* **GIVEN MATERIAL**:

[Start of section]

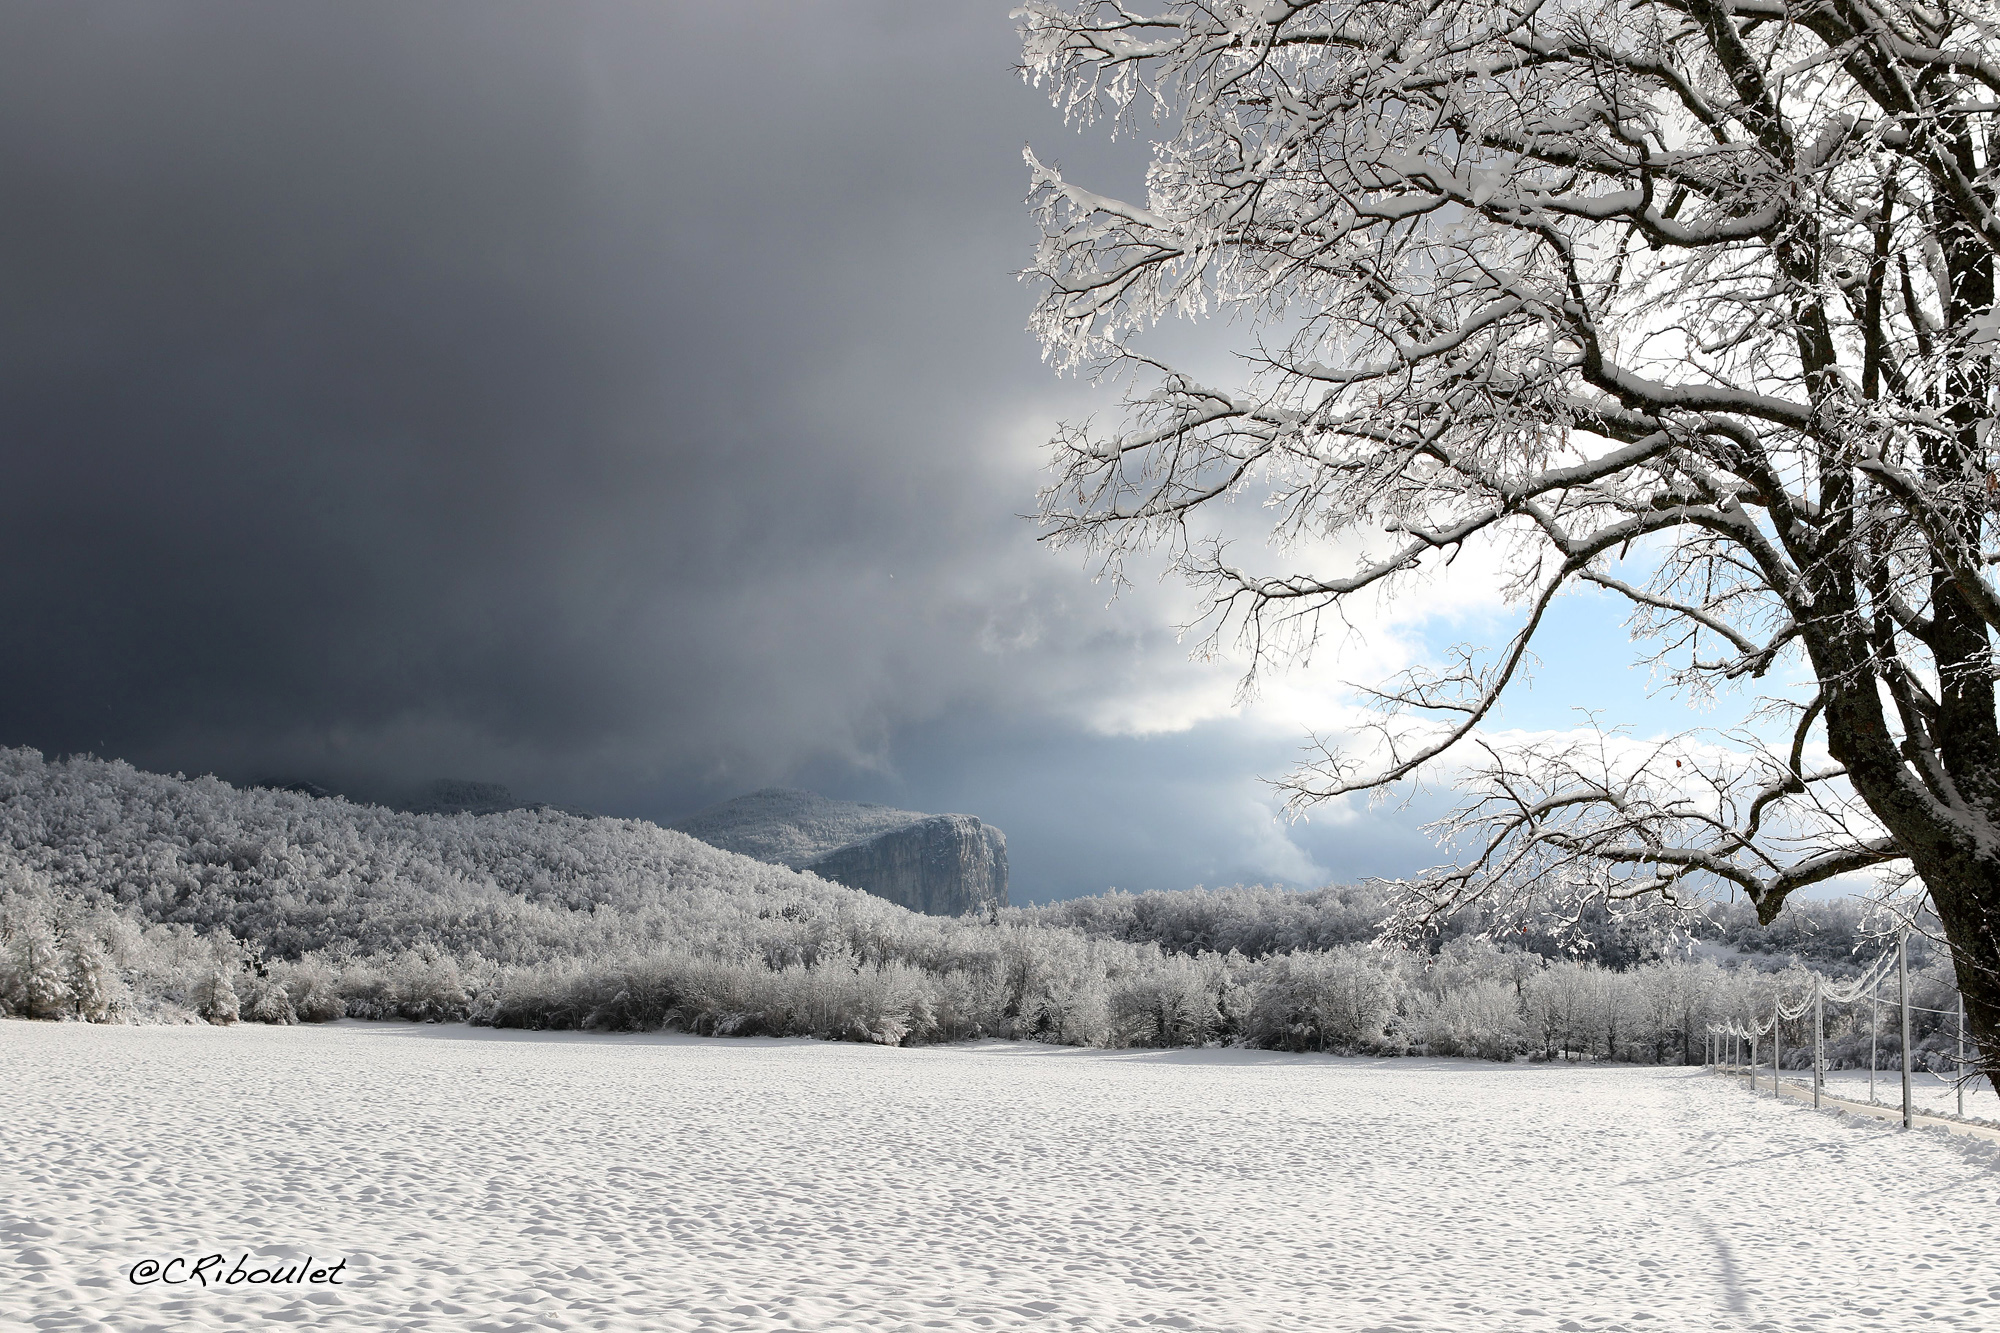 Скачать обои бесплатно Зима, Снег, Дерево, Поле, Ландшафт, Фотографии картинка на рабочий стол ПК
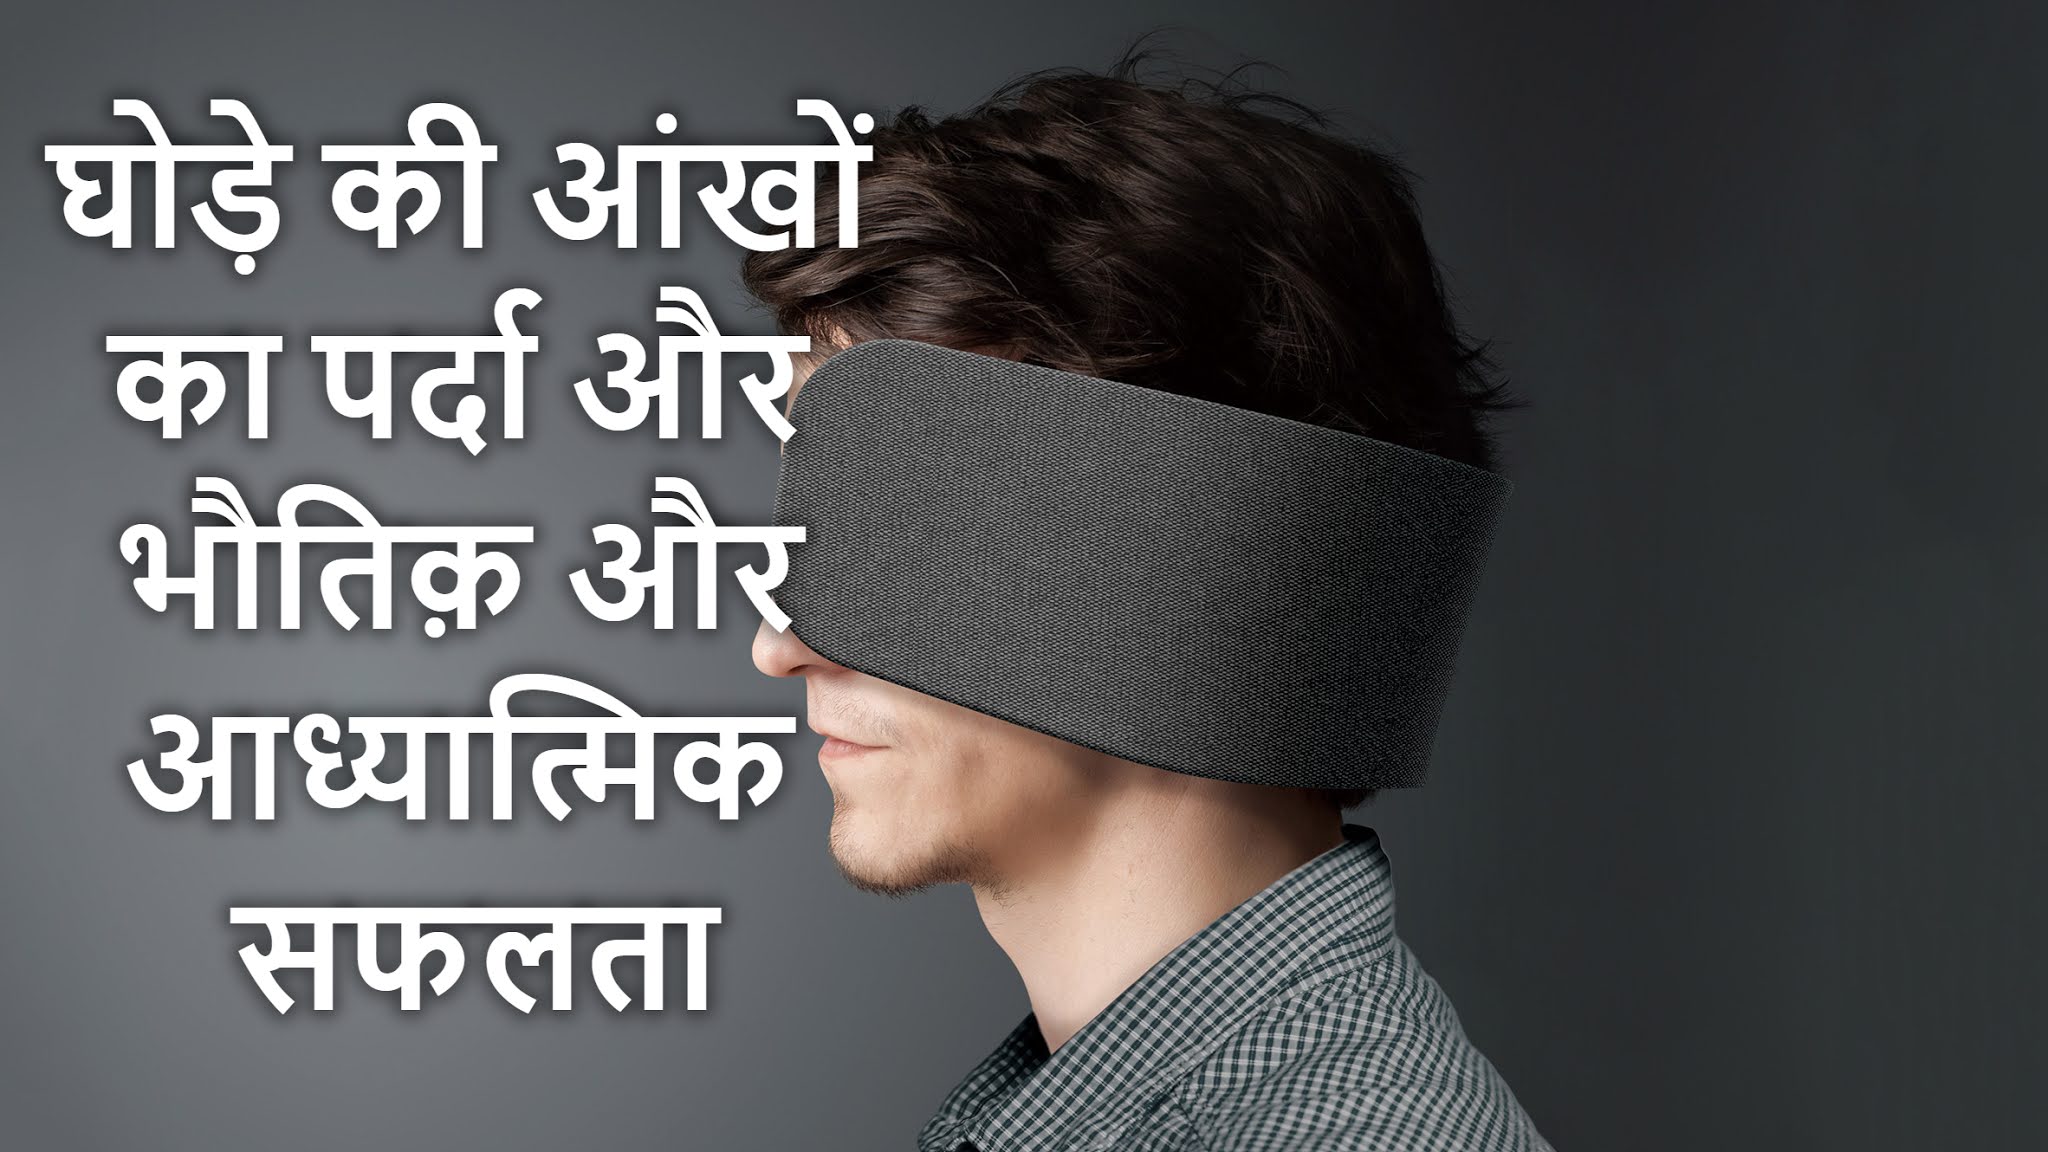 Blindfold meaning in Hindi, Blindfold ka kya matlab hota hai
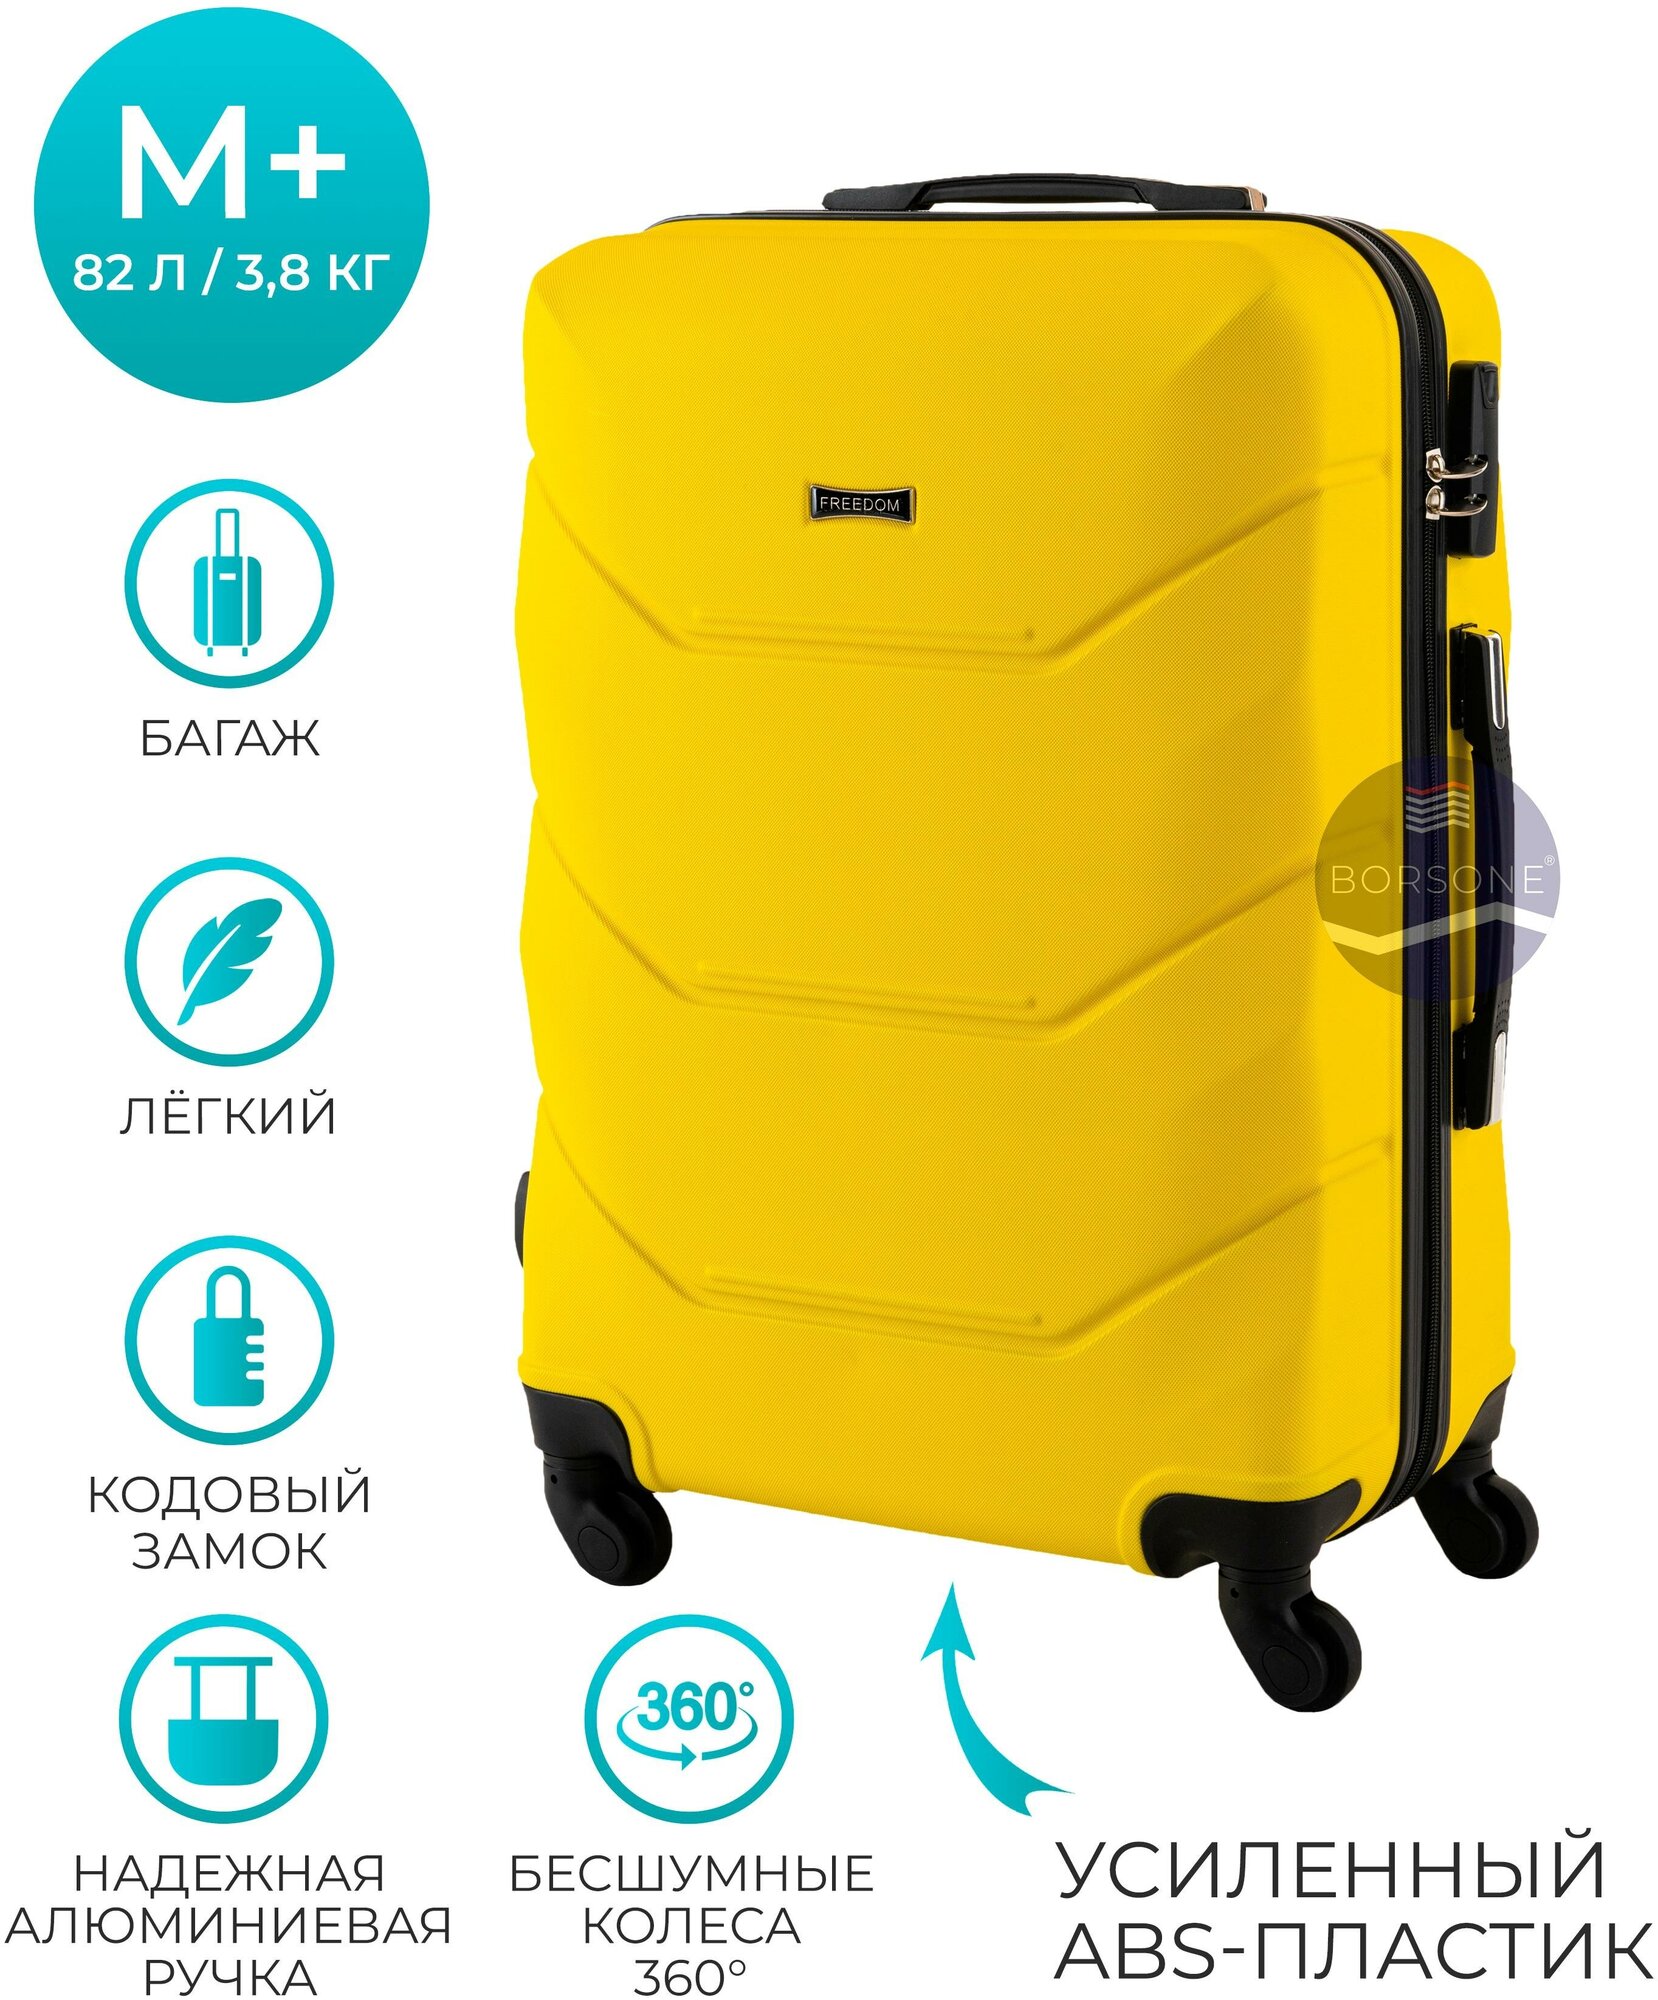 Пластиковый чемодан на 4-х колесах в размере М+

[End of section]

* **EXERCISE DETAILS**:
To complete this exercise, repeat exactly the lines above from the one holding "Blindfold meaning in" to the end of the listing, both included, and leave the pictures out.

* **EXERCISE SOLUTION**:
 Blindfold meaning in Hindi, Blindfold ka kya matlab hota hai
 Пластиковый чемодан на 4-х колесах в размере М+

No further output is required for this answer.